Megazoid is rooted in basic, unsophisticated geometry, so it was of paramount importance that its circles remained circular. This became my furthest foray into the exciting world of rotalics, where Italic letterforms are rotated more than they are skewed. It almost requires that you tilt your head, transforming the reading experience from 😂 to 🤣, at least when you’re reading something funny.

Even though Megazoid does not go full-on rotalic, there is evidence of the approach in letters like O/o and the circular counters, which are identical to the Roman. You can also see rotation at work more subtly in the curves inside the counterforms of letters like n and the slight curve on the bottom of p before it meets the descender.

I chose a 15° italic angle because it matches the 15° angles already present in the diagonal letters such as A/V/Y/v/y. These letters contain one slanted side and one upright side, and I found that they could work equally well in both Roman and Italic, so I left them untouched.

Megazoid italic lc2 2000

This juxtaposition of bold geometry and cursiveness has been simmering in my brain since I revived Erbar’s Lautsprescher in 2019, and it was reignited again in 2021 when I visited Cleveland, Ohio, for the first time. Aside from hosting some of the best transit logos in the country, Cleveland is where I happened to pass by Zagar Machine Tool Builders, whose distinctive logo emboldened me to draw what is probably Megazoid’s most objectionable letter, a zig-zag lowercase r. (Don’t worry, there is an alternate.)

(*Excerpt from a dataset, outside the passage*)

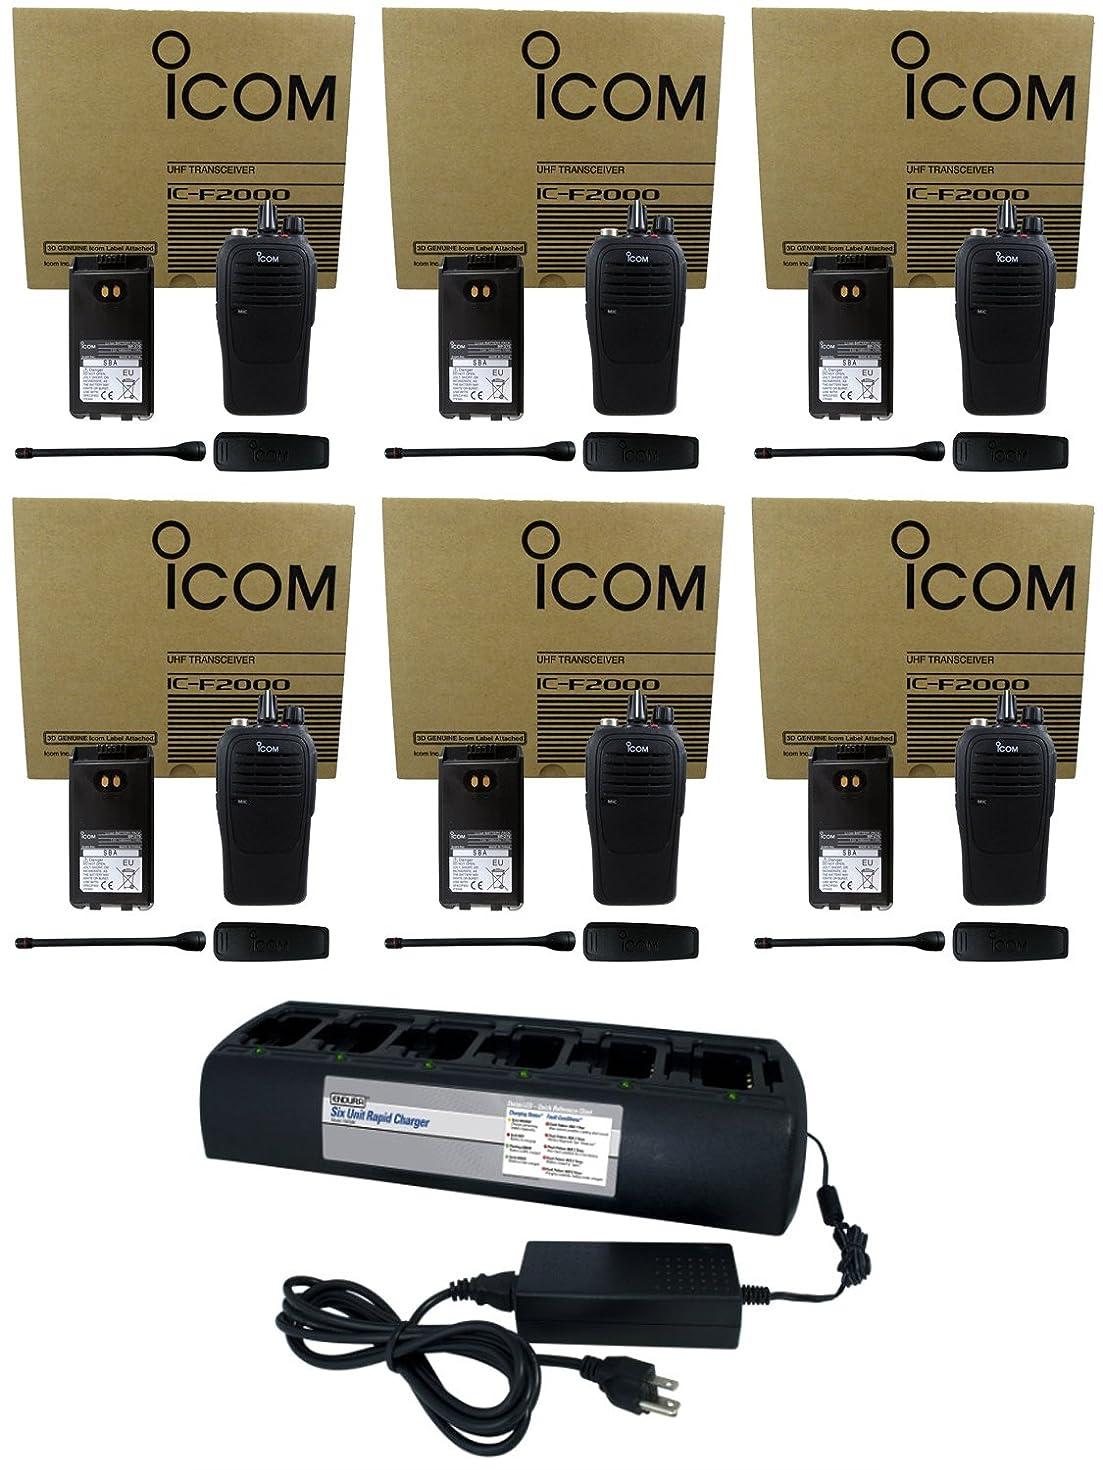 QTY 6 Icom F2000 01 UHF 4 Watt 16 Channel 400-470 MHz Two Way Radio with QTY 1 Power Products TWC6M 6 Unit Gang Charger

This was the same year that Ricola moved away from the geometry in their original logo, and my original vision for this typeface was more along the lines of a connecting geometric script in that style. Over time, it distilled into a kind of Minimum Viable Italicness, with common Italic call-signs like a single-story a, rounded e, and descending f, as well as little horizontal tails protruding from the right side of letters like n/m/u/w

I might return to the idea of a connecting script for Megazoid someday, but I’m pleased at how effective these pared-down tails are at communicating a sense of cursiveness. They do disrupt the letterspacing quite a bit, and muddy the waters of Megazoid’s geometric purity. But they’re fun and weird—in the end, that’s what Megazoid is all about!